Nine out of ten Côtes de Gascogne wines are white therefore it is the area north and east of Toulouse (i.e. in the other direction) that particularly interests me with regard to red wines. Just as the Côtes de Gascogne vineyards have built a reputation on traditional indigenous grapes for white wine production the winegrowers in the Fronton and Gaillac appellations are making interesting red wines from historic red varieties.  And in another parallel there is another large cooperative of growers here driving sales.  The cooperative Vinovalie was created in 2006 with the merger of 4 smaller cooperatives and now has a presence in the vineyards of Fronton, Gaillac and Cahors. While these are fairly close together geographically their terrains and some of the grape varieties they use are quite distinct.  For example, Négrette is a variety almost unique to Fronton and Braucol (aka Fer Servadou) is the prominent red grape in Gaillac.  
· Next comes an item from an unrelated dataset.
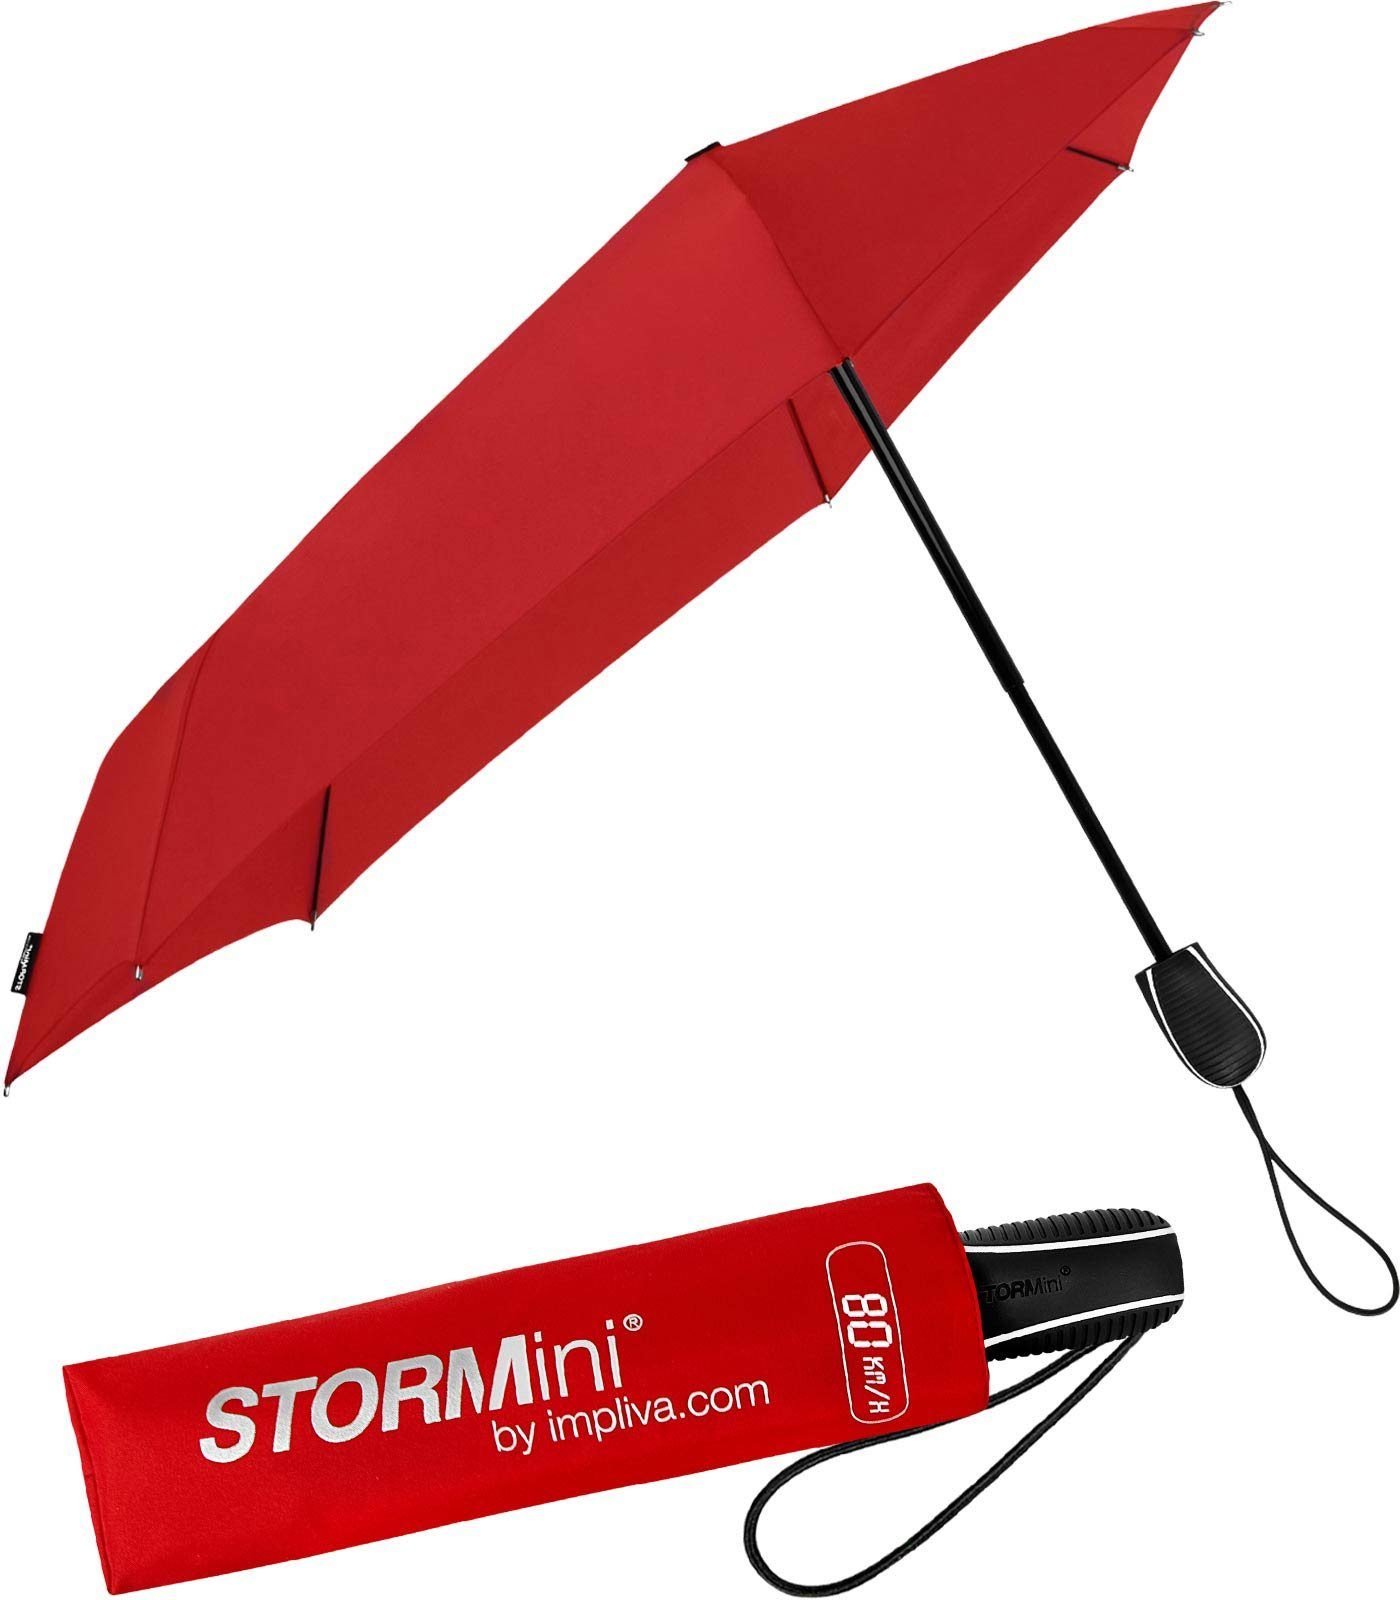 Impliva Taschenregenschirm STORMini aerodynamischer Sturmschirm, durch seine besondere Form dreht sich der Schirm in den Wind, hält bis zu 80 km/h aus rot

Vinovalie Le Chant du Côt à la Négrette, AOP Fronton

Although some time ago Sainsburys had a Fronton Négrette wine in their small-batch Discovery Collection I came across this wine in France. David Williams recommended it in the Observer in Sept 2024 describing it as a "brilliant steak-frîtes-ready red".  He also noted that it was available in Booths supermarkets in the north of England.   Négrette is typically blended with Syrah, Cabernet or Malbec and here it's blended with Côt (aka Malbec).  It's an easy-drinking wine, low in tannin, fruity and with distinct aromas of violets and liquorice.  
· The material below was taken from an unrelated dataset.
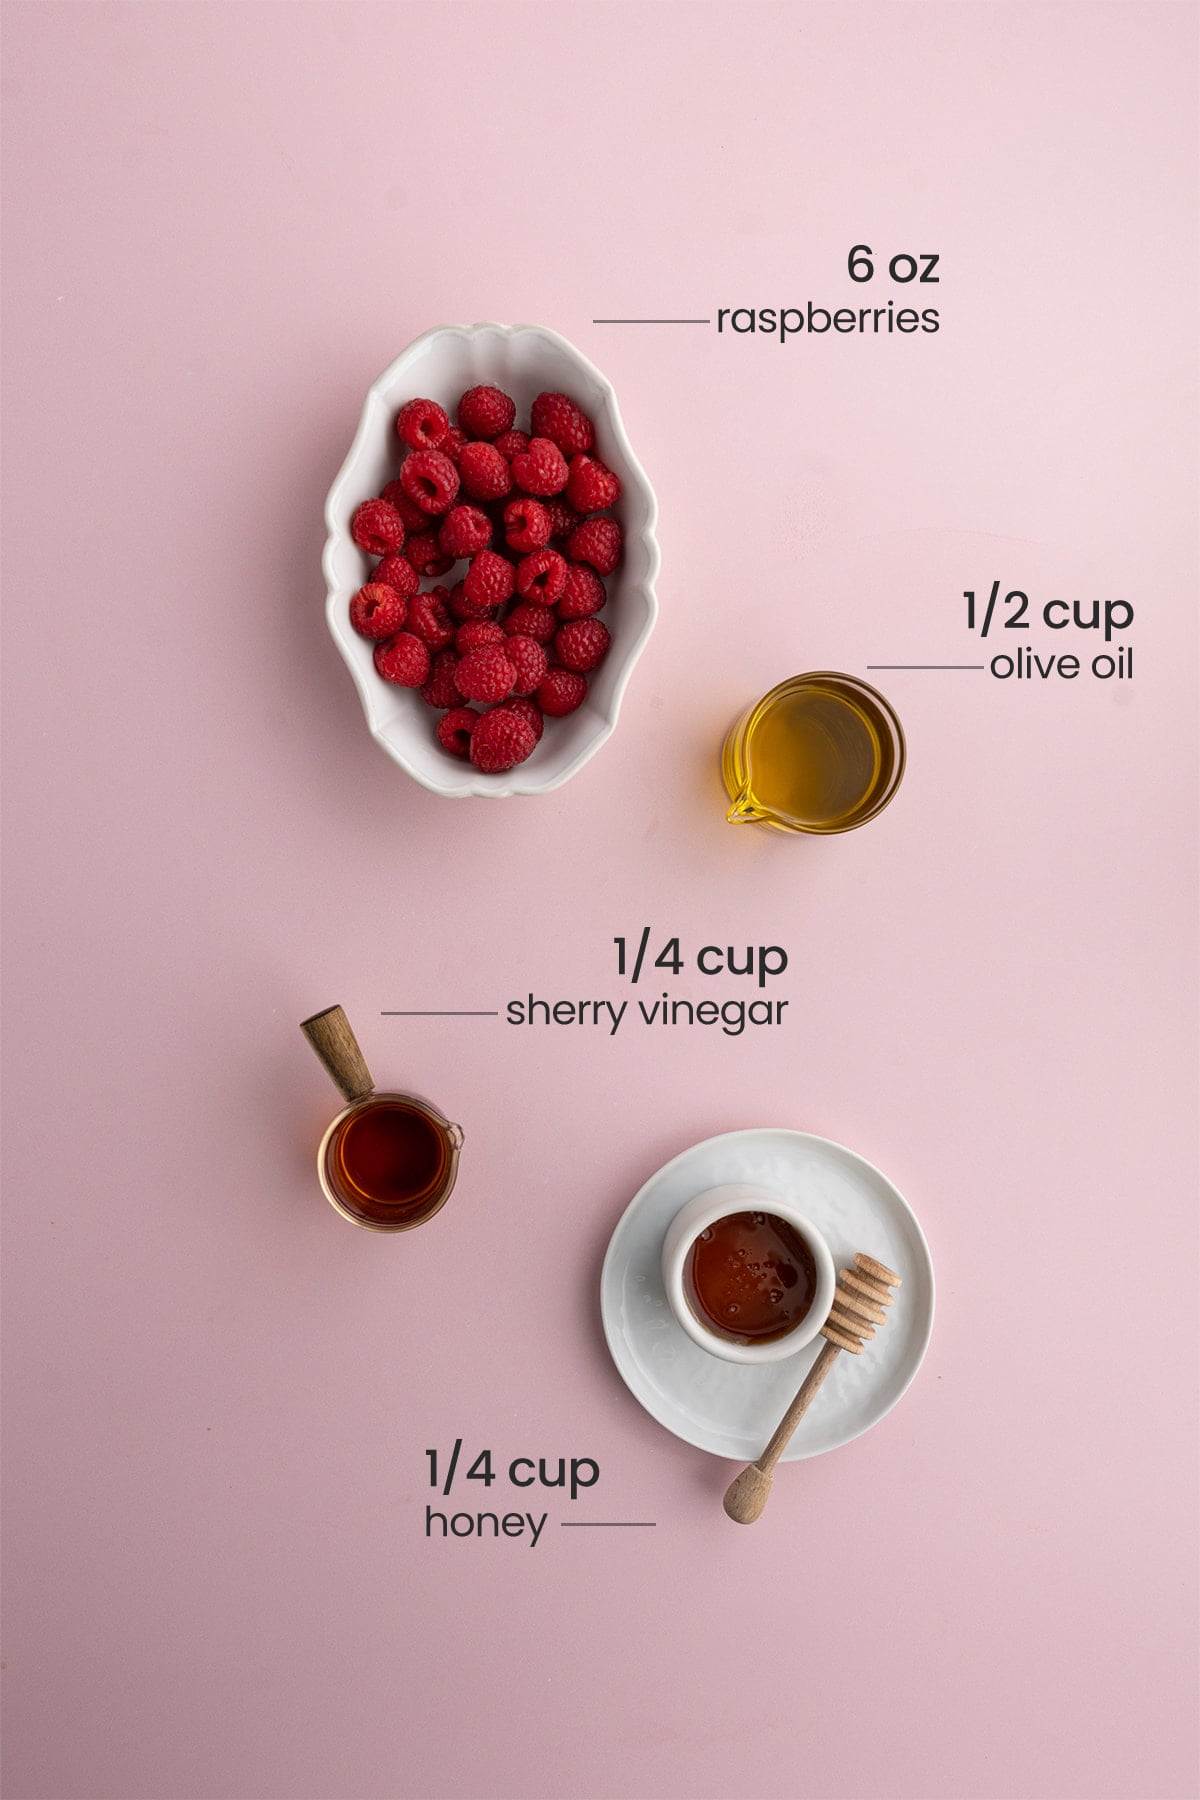 ingredients for raspberry vinaigrette - raspberries, olive oil, sherry vinegar, honey

Domaine Le Roc, Les Petits Cailloux 2020 - The Wine Society £10.95

Well done to The Wine Society for maintaining availability of this other Négrette in the UK.  The producer's tasting note (Vinovalie) comments "the bouquet is dominated by very ripe dark berries with floral notes of poppy and violet.  In the mouth it has tremendous flavour with a creamy, very ripe background.  The finish offers smooth liquorice tannins".
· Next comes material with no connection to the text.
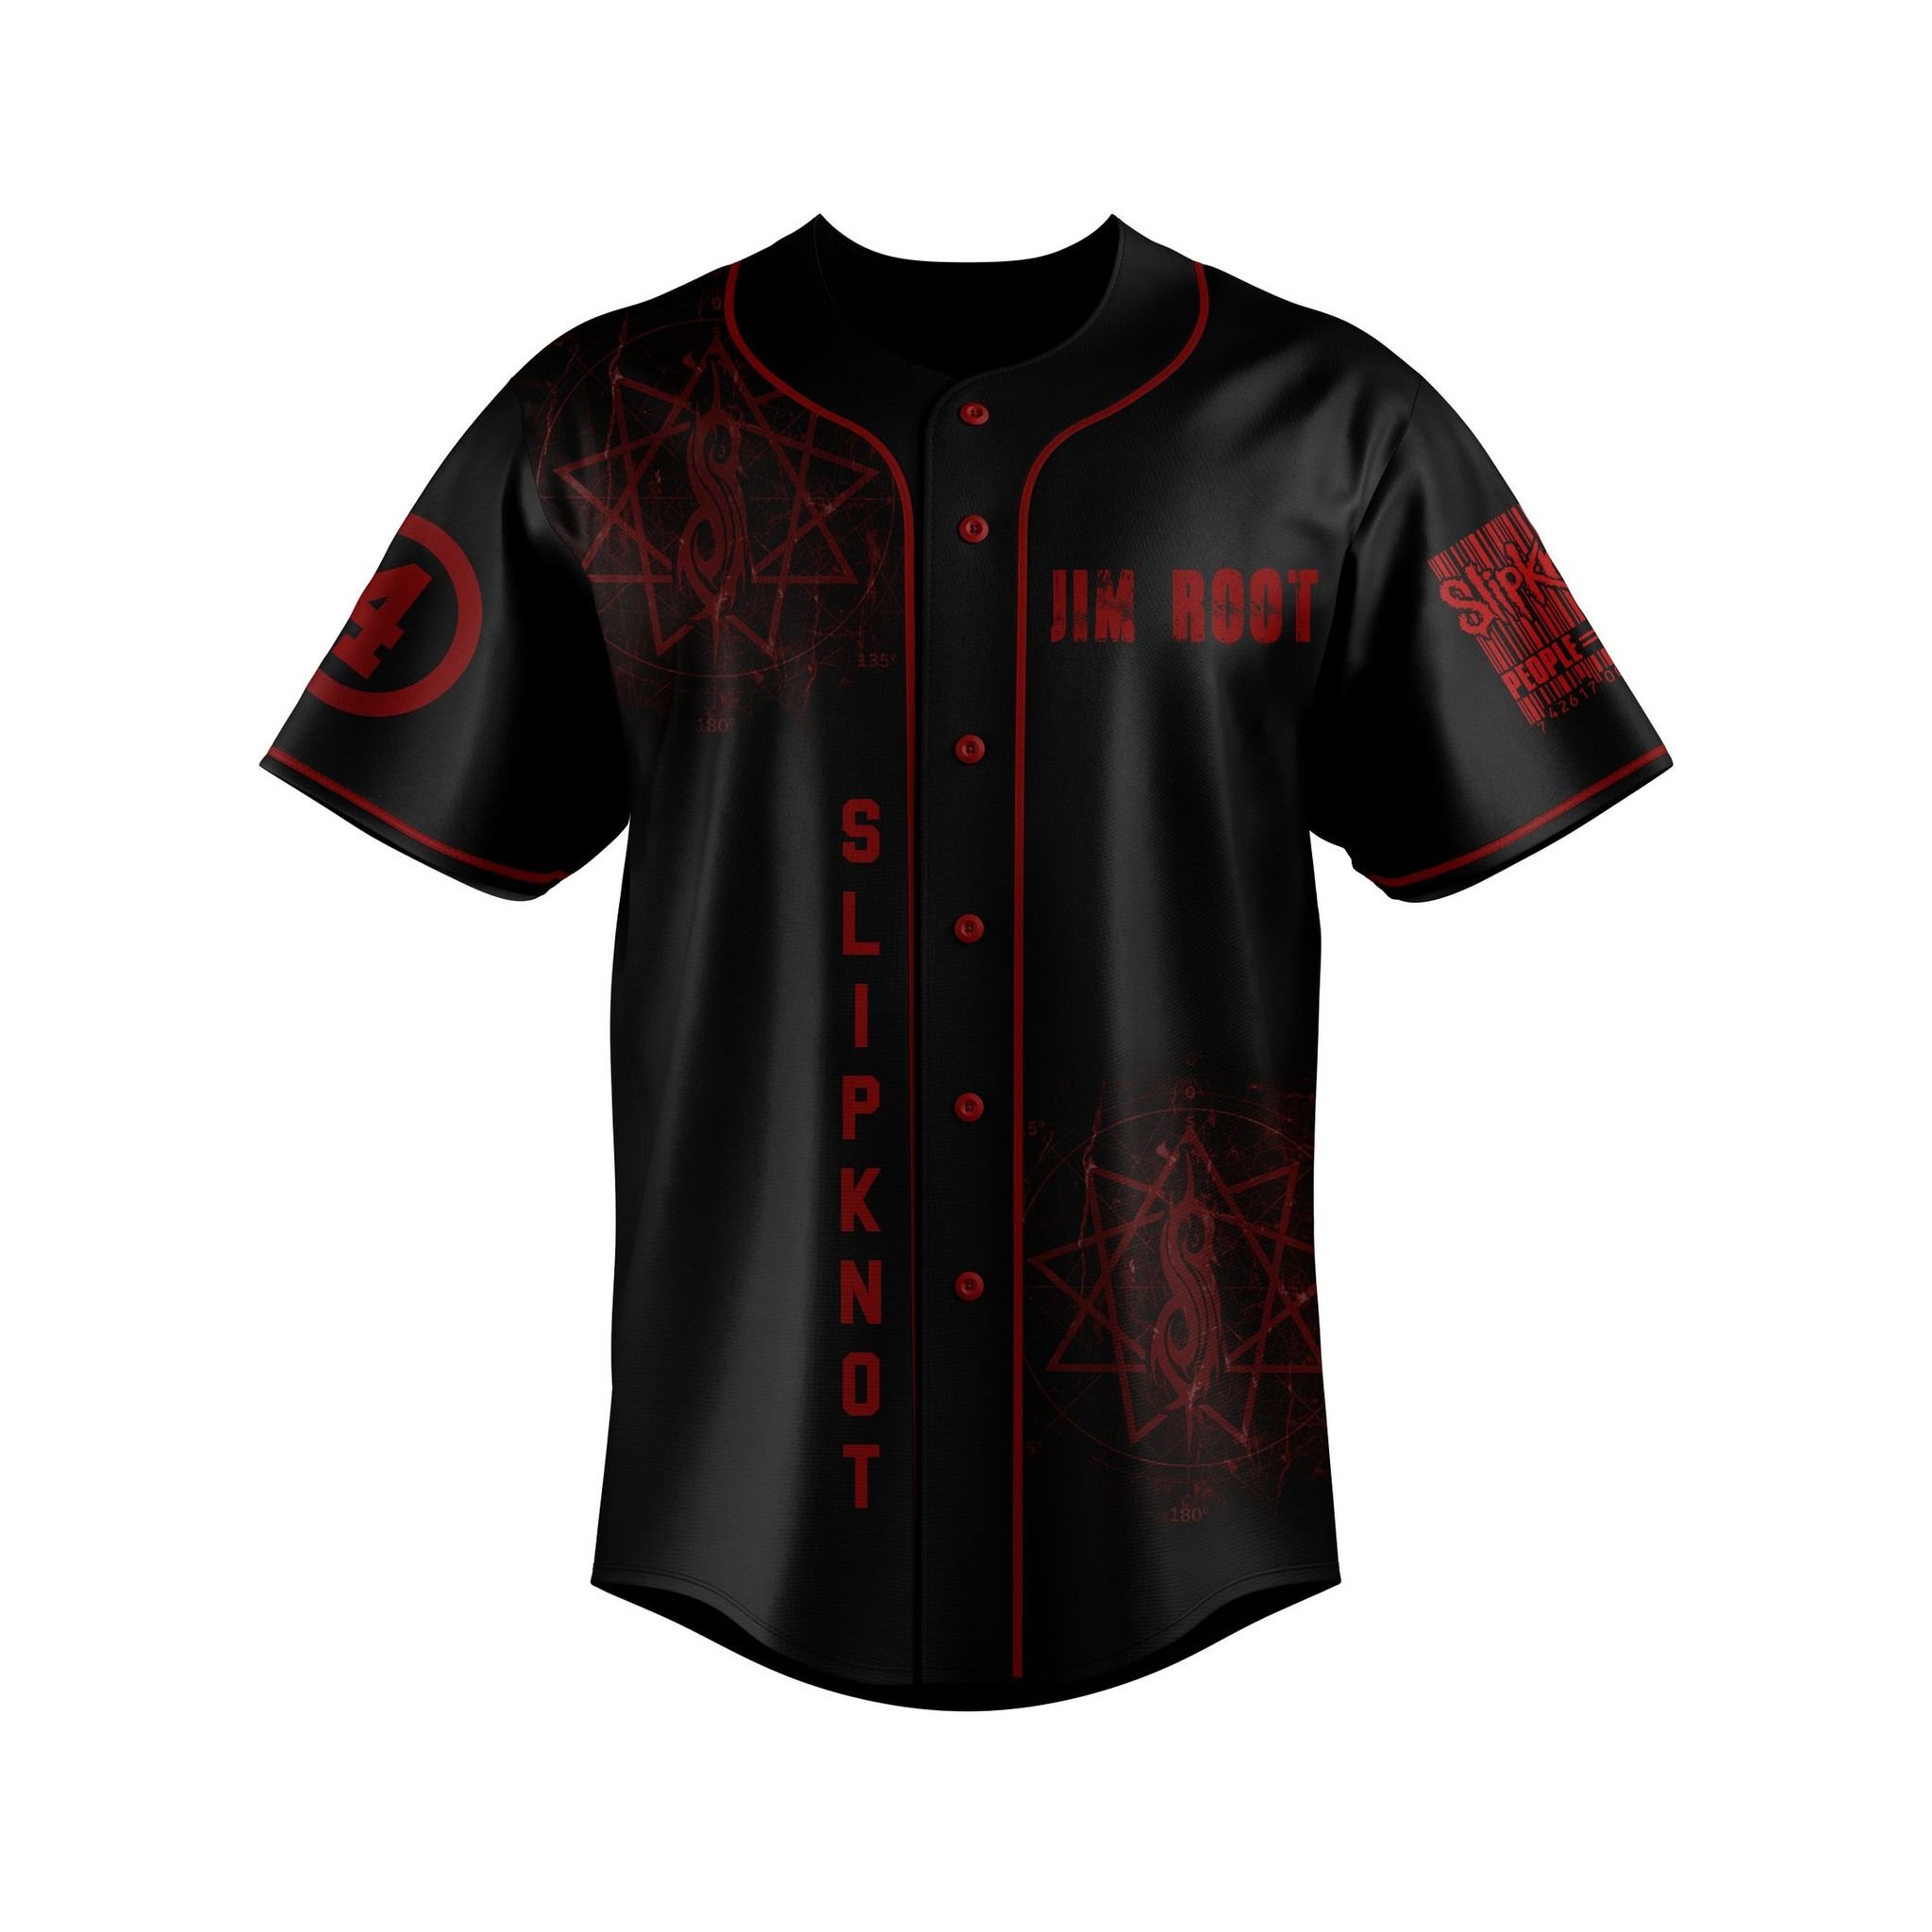 Slipknot custom name baseball jersey 2

And so to Gaillac reds .....

Once again, mainstream availability is very sparse in the UK at the moment.  A couple of years ago Sainsburys were selling a very accessible Gaillac Rouge from a blend of local grapes and until very recently The Wine Society had a Braucol Les Plaines Sauvages IGP Comté Toloson 2023 which gave a very clear idea of the perfumed Braucol / Fer Servadou grape.  Vinovalie make a 100% Braucol wine called Rebus but although availability in the UK is scarce other than in Booths stores in the north.  So the only realistic recommendation at the moment is Co-op Hidden Vines Braucol 2023 - £8.85 which is 85% Braucol with 15% Gamay.  I suspect even this will be short-lived being part of the regularly-changing small-batch Hidden Vines range but, having tasted it, I can confirm it was a fascinating experience: aromatic as expected, fruity, silky and smooth and with a lingering sweetness.